Из книги Бориса Николаевича Мартынова "Ослябя" на войне 1904-05. Воспоминания старшего офицера броненосца". Библиотека морского офицера. Издание 1907 года.
...Хотя вероятность появления японских миноносцев в этих глухих местах была небольшой, все же решили не рисковать и при подходе к Курилам зарядили помимо 75 мм по приказанию адмирала 10" и 6" орудия сегментными снарядами, у орудий посменно неслась вахта. Андрей Андреевич с подходом к Курилам начал вообще заметно нервничать, когда только что установленная связь по аппарату беспроволочного телеграфа со вспомогательным крейсером "Лена", который должен был снабдить нас углем и провести во Владивосток, внезапно прервалась. Мы уже начали думать на японцев, и когда показался дым со стороны Итурупа, адмирал был готов дать команду отвернуть на восток, но головной "Алмаз" вовремя доложил, что видит трехтрубный гражданский пароход, который при дальнейшем рассмотрении и оказался "Леной". Оказывается, у них поломался радиотелеграф, и ее командир решил ждать нас в точке рандеву у острова Итуруп, а если в тумане разминемся, то догнать нас в Корсакове. Но к счастью все обошлось благополучно.

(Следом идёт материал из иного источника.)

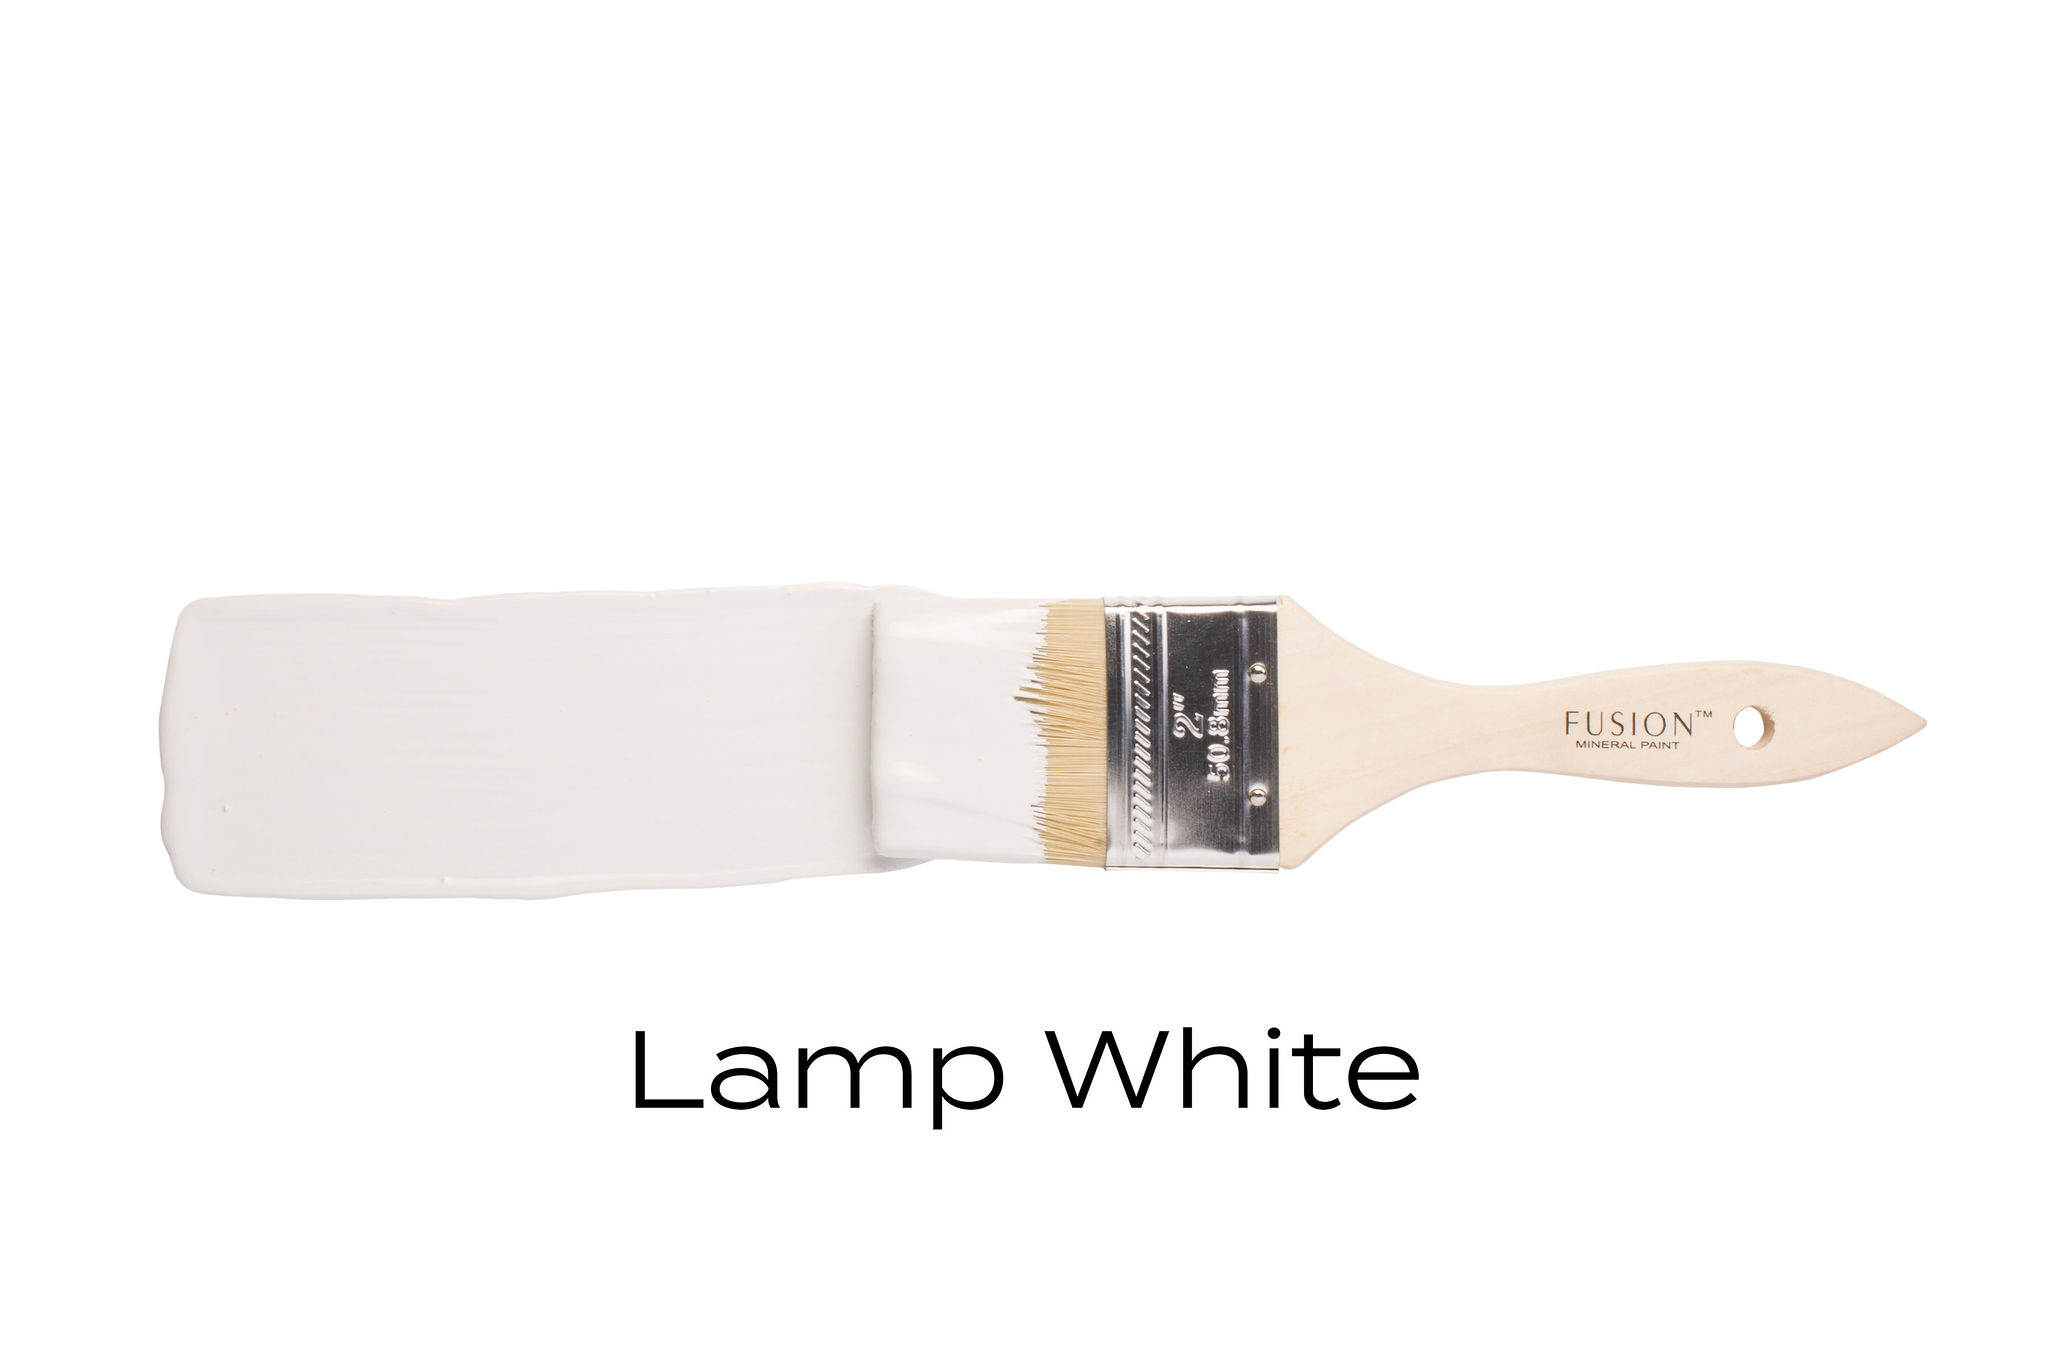 Lamp White Fusion Minerail paint Goed Gestyled Brielle

Легли в дрейф и начали принимать уголь с "Лены", командиры судов отряда, а также ее командир Рейн были собраны у нас на "Ослябе". Очень рады мы были новостям с Родины и российским газетам, которых мы не видели уже с полгода, привезенными "Леной". Оказалось, что Владивостокская эскадра устроила в это же время демонстрацию у Сангарского пролива, с целью отвлечь японские силы от нашего измотанного многомесячным крейсерством и переходом отряда.

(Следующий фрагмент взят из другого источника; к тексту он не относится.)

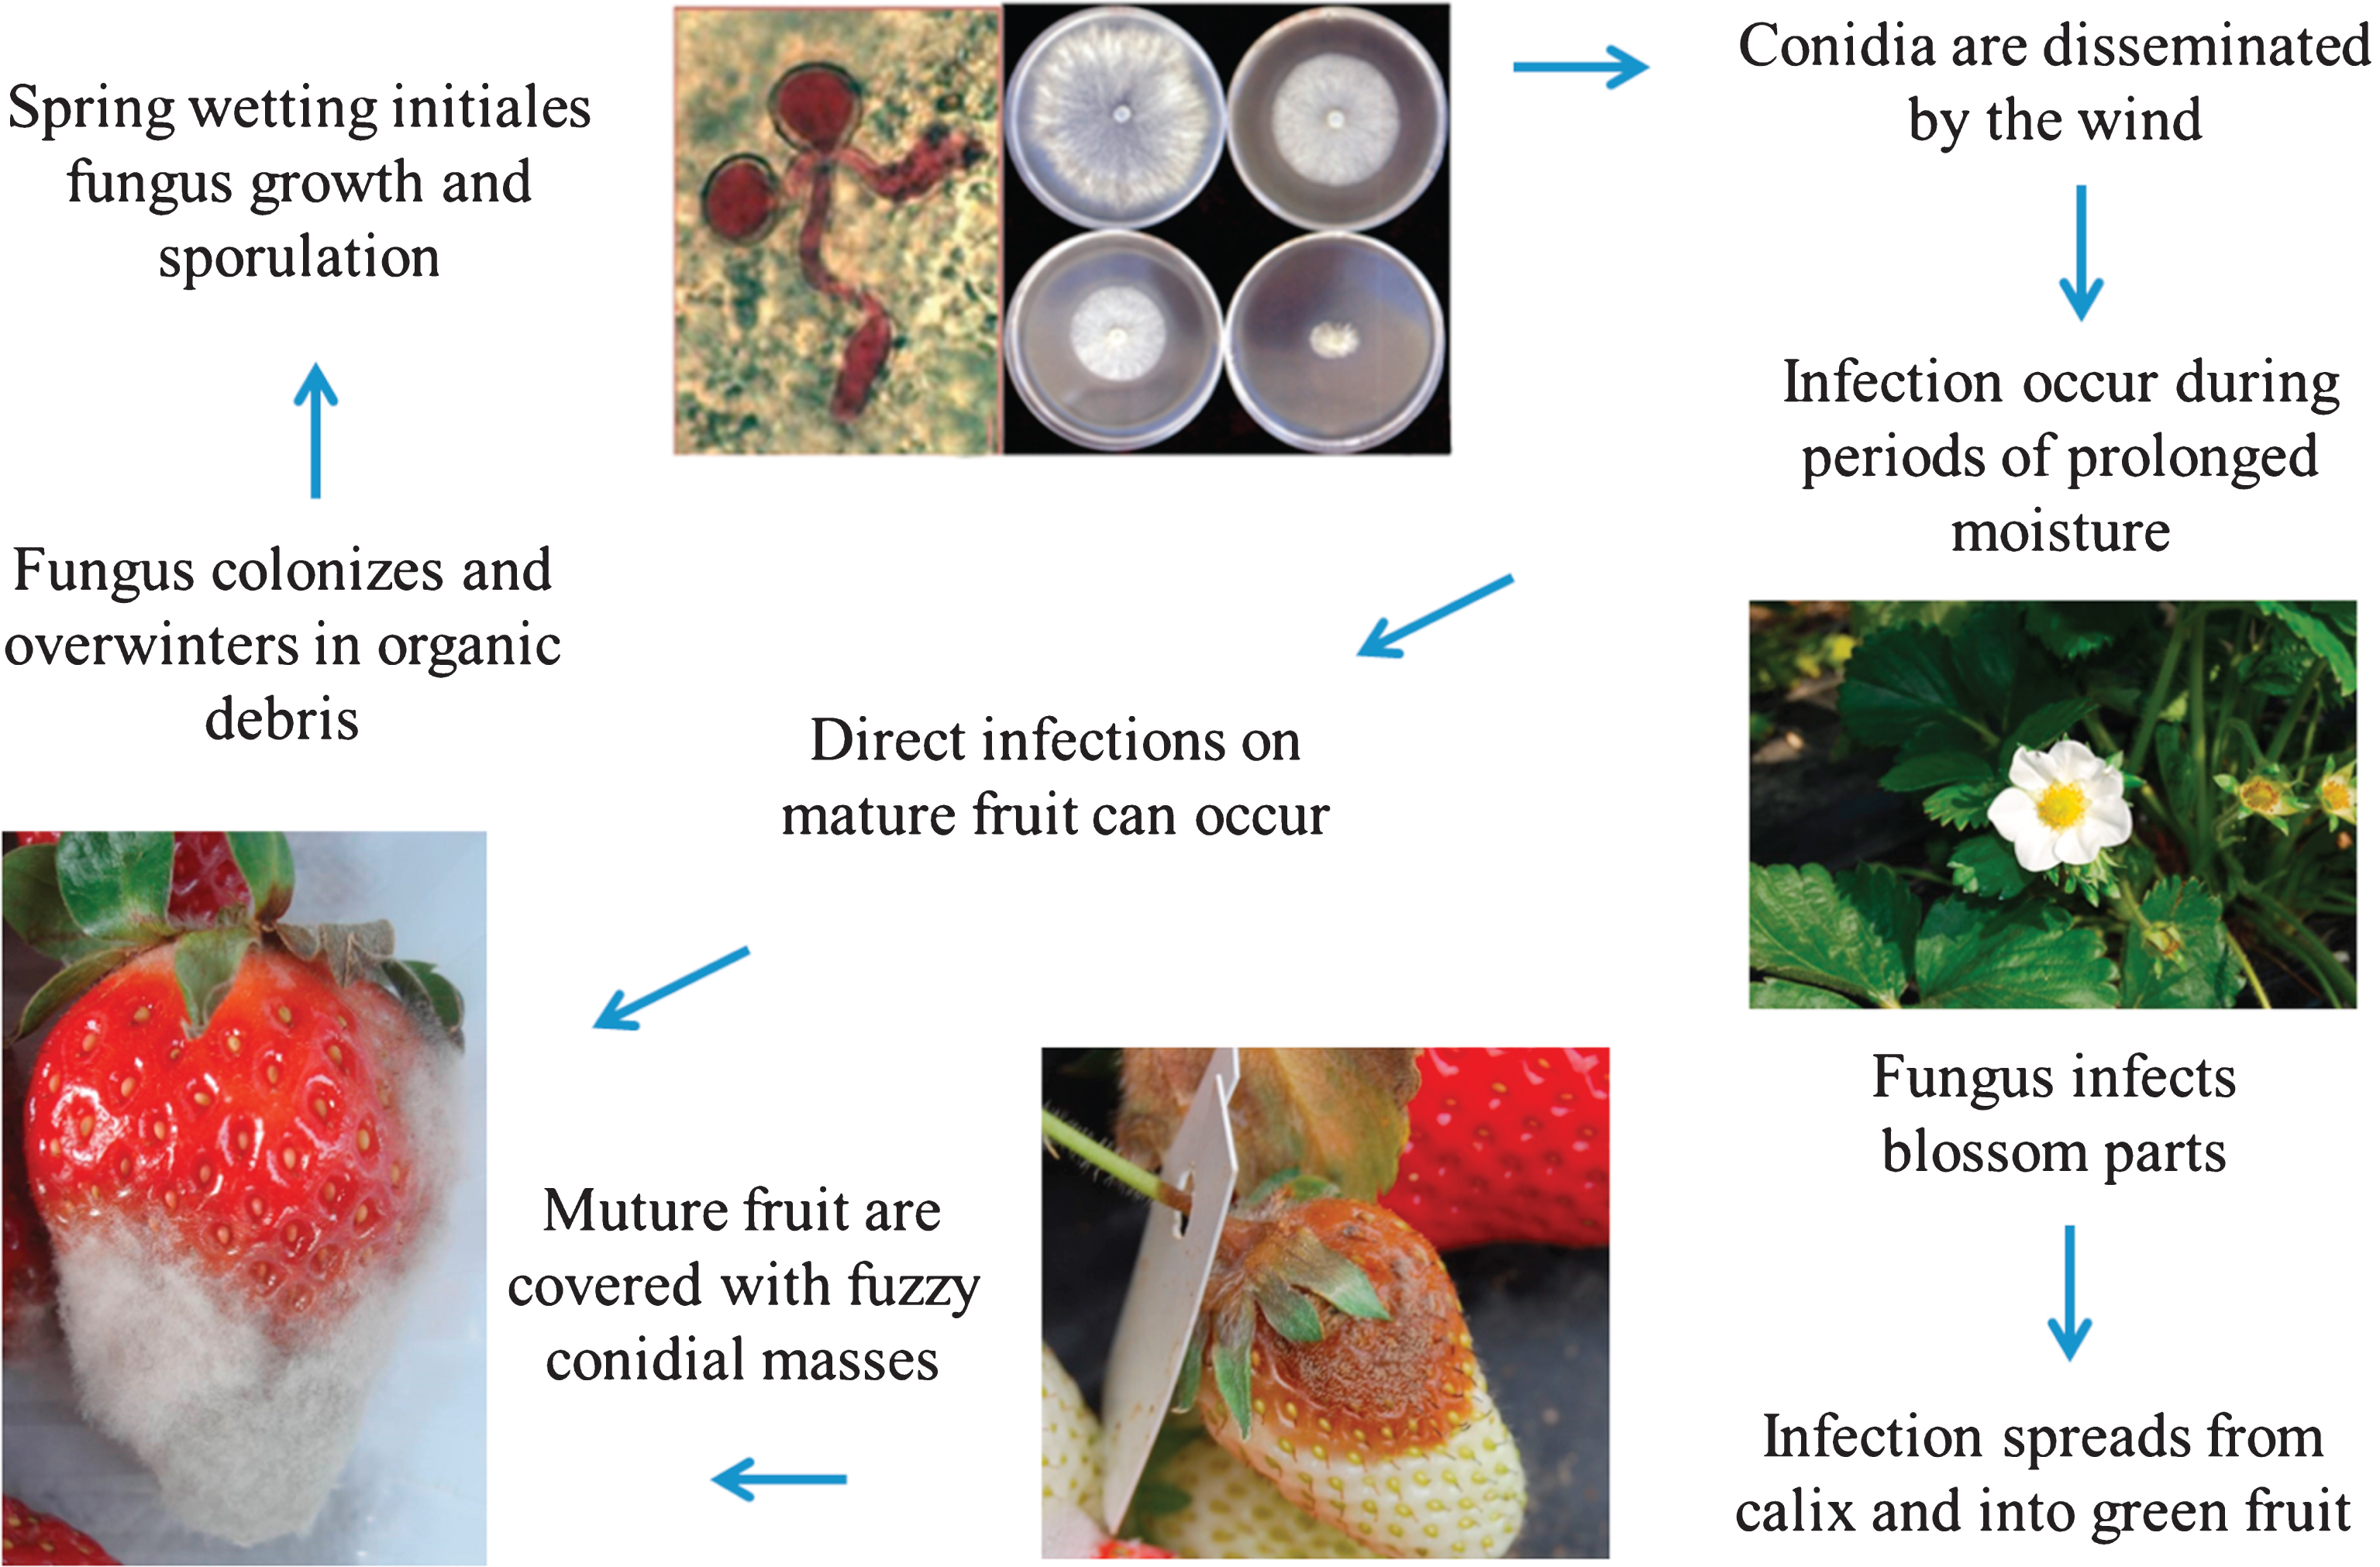 Disease cycle of gray mold on strawberry. Modified from Maas et al. (1998) [14].

Во время погрузки угля починили радиотелеграф на "Лене", машинные команды в это же время готовили изрядно износившиеся машины и котлы к последнему броску до Владивостока. К сожалению, состояние наших механизмов нельзя было назвать даже удовлетворительным. Машинам требовалась переборка и регулировка, постоянно текли все новые и новые трубки в холодильниках, и эти трубки приходилось глушить. На борту не было приборов определения солености котельной воды и соленость эту приходилось определять на вкус, но нет худа без добра, за время похода кочегары обучились, и такого безобразия как в Средиземном море (образование накипи и выход из строя котлов) благодаря даже столь примитивному, но постоянному контролю, больше не повторялось. Сделали все, что смогли в таких условиях, и была надежда, что "Ослябя" даст 16, а то и 16,5 узлов, хоть недолго.
При проходе проливов было приказано держать пары на полный ход, но сам ход при этом был только 12 узлов. Наш старший механик возражал, так как при малой циркуляции воды в котлах, идет интенсивное накипеобразование, но к его мнению адмирал и командир не прислушались...
Нам повезло, дувший свежий ветер разогнал туман, обычно имевший место быть в проливе Фриза между островами Уруп и Итуруп Курильской гряды в это время. Благодаря чему наш отряд не сбавляя 12 узлового хода благополучно прошел навигационно опасное место, и продвигался к проливу Лаперуза.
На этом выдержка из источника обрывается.